Hi folks. It's Little Mary Sunshine, come to break her long silence.
I could tell you cute stories of my children, I could rant about adults who refuse to act like adults, I could tell you about the burning bun and the sleeping babysitter, I could tell you heartwarming stories of Christmas and my overwhelmingly adorable neice, I could whine about working ten hour days, I could praise the lovely Lorna to the skies for being a safe place for my children, as well as doing tons of laundry and cooking suppers, while I worked those ten hour days - the list goes on and on. I could do all this, but I'm not going to. I'm going to tell you about
The Annoying Telephone Solicitor
I am lying in bed, nursing the cavernous hole in my face left by the dentist this morning. I am cozily miserable in my painkiller induced haze. The phone rings. "Hello!" chirps someone who is probably a very nice person in her real life. In fact, I think it's only perpetually sanguine people who take phone sales jobs, because who else would think "Oh, that'll be fine! I'll be so friendly I'll be FUN to talk to!" Where was I?
"Hello!" she chirps. "Is this Mrs. (mispronounced surname)?"
For one second I'm tempted to say no, because there's certainly no-one by that name at this house, but I know what she means.
"Sure", I slur.
"blahblahblahblahblahblahblah and may I send you an invitation to our open house?" she carols.

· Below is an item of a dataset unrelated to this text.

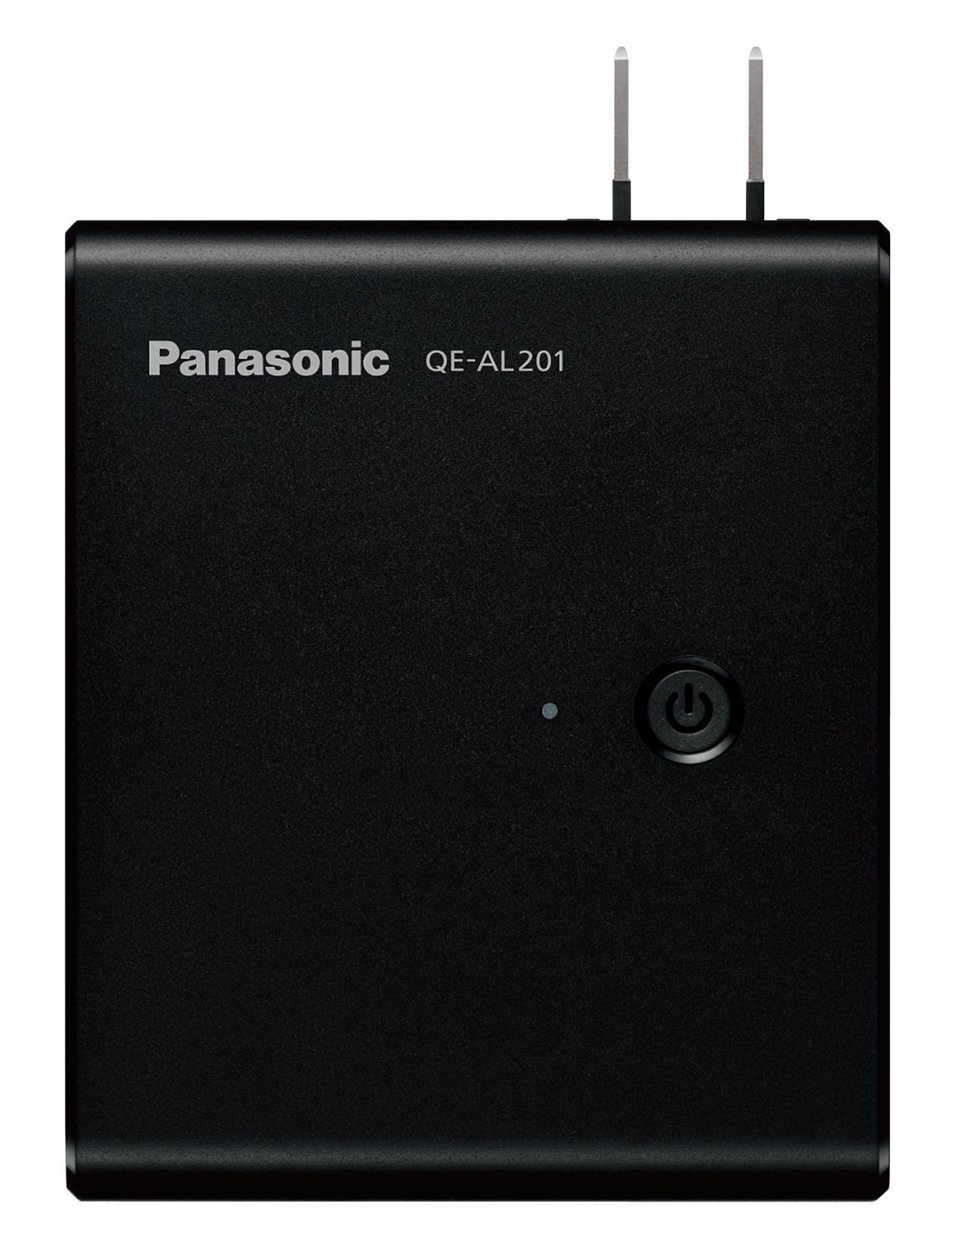 Panasonic Mobile Travel Charger

"Sure", I slur, holding the side of my face in a vain attempt to keep the gigantic hole in my mouth from swallowing my tongue.
"Shall I tell you a bit more about us first?" she invites confidingly. (yes bjH I KNOW that's an adverb. Don't you HATE those? passionately?)
I realize that holding my lower jaw in place with both my hands and grunting answers isn't going to Make This Go Away. I summon all the energy I have, from the outlying areas where it has gone to ground.
"Actually, no." I say. "I had a tooth pulled this morning, that took the dentist an hour and a half to get out. It came out in five separate pieces and involved a lot of drilling. I now have at least three stitches in my mouth and I'm doped up on painkillers. If you want to send me stuff, send away, but can I please hang up now?"
There is a pause.
"Well if I don't tell you these things, I'll get fired." She laughs.
I grit what's left of my teeth. Sharp shooting pains result. "Oh, don't get fired." I say, with a regrettable lack of sincerity.
She asks a few questions, I whisper a few answers.
"Wow" she says, blinking her eyelashes (I could TELL) "It sounds like I just woke you up or something."
"No, I just had a tooth pulled." I resist the urge to shout "WHY SHOULD I LISTEN TO YOU IF YOU WON'T LISTEN TO ME???" because blood pouring down my chin from ruptured stitches is less effective over the phone.
Then she gives this half-hearted little snicker like "oh grow up, getting a tooth pulled is no biggie" and instead of losing it, I just hang up.
And instead of being annoyed all day, I planned this blog entry.
I feel much better now. Except the heartburn. When you can only have "cool fluids", maybe they shouldn't be exclusively Coke?